RUSH ARCHIVE: If we can save the lives of our children by raising the cost of cigarettes to five or six bucks a pack, why not save the lives of our children even more with, say, Big Macs and Whoppers that are five and six bucks. Oh, no, not tomorrow, not next week, but it’s coming, to a McDonald’s near you, or a Wendy’s or a Burger King or a KFC, whatever.

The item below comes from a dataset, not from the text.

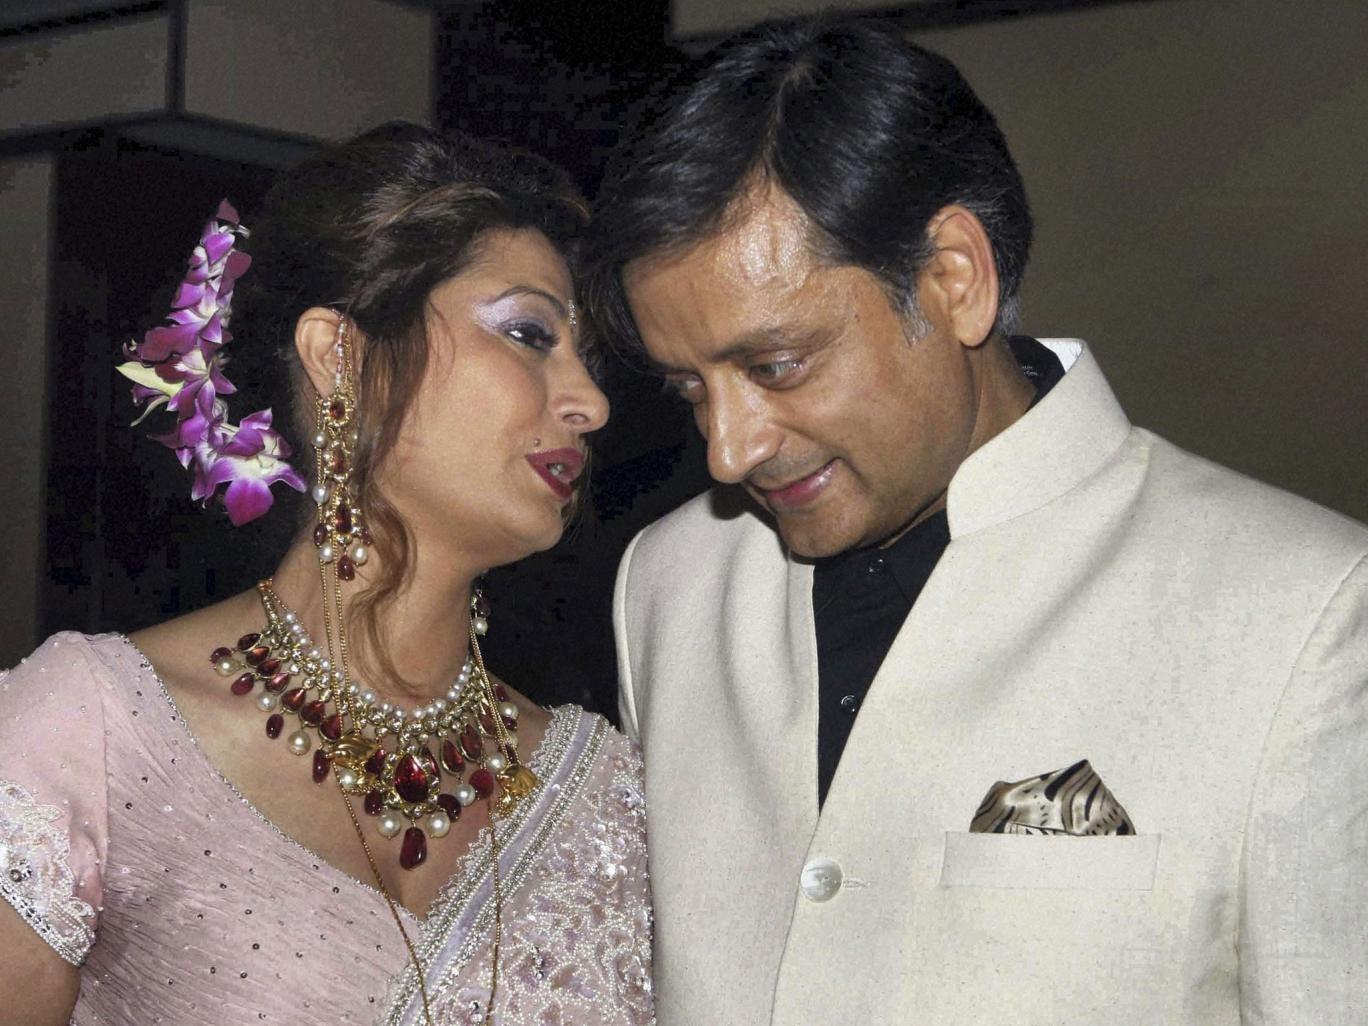 Shashi Tharoor and his wife Sunanda Pushkar at their wedding reception in New Delhi in 2010

RUSH: Again that’s from a cassette from 1995. Well, last week Detroit residents discovered that their mayor, Kwame Kilpatrick, had racked up big bucks on his government credit card. Detroit’s budget 300 million bucks in the red, the mayor spent at least $210,000 on travel and meals including an $85 bottle of campaign, part of a $200 tab at P. Diddy’s Restaurant in Atlanta. Now, Detroit’s lost population since the 1950s. The tax base continues to erode. Businesses and affluent residents continue to flee to the ‘burbs, and Mayor Kilpatrick has already faced protests over massive layoffs and service cuts. Meanwhile, the mayor has cultivated an image as a guy who enjoys the hip-hop lifestyle despite bad press over lavish parties and personal use of city vehicles. That was last week. This week, Mayor Kilpatrick wants Detroit voters, those that are left, to approve a 2% fast food tax on top of the already existing 6% sales tax imposed on restaurant meals. Kwame claims that consumers, the ones who are left in Detroit, will barely notice the extra tax. Critics say that the fat tax, as it’s being called, which is exactly, I think, what I suggested back in 1995. Critics say the fat tax, as it’s being called, would disproportionately hit the poor and hamper economic development. Hey, not just the poor, but minorities as well. Now, if this is enacted Detroit would be the first US city to successfully target the fast food industry. If it flies, without riots breaking out in New Fallujah, which is my pet name for Detroit, you can bet your bottom dollar that liberal mayors in every other failing blue state city will be licking their chops ready to follow suit. Those that are left, I mean, blue state cities.
So there you have it, 2% tax on fast food. It does target the poor. I mean, there’s no question, targets the poor and minorities; and there’s old Kwame Kilpatrick spending the state’s money out of style on his own lifestyle and wants the poor who frequent fast food restaurants, and everybody else that frequents them, to pay an additional 2% tax on top of the already 6% restaurant tax that exists.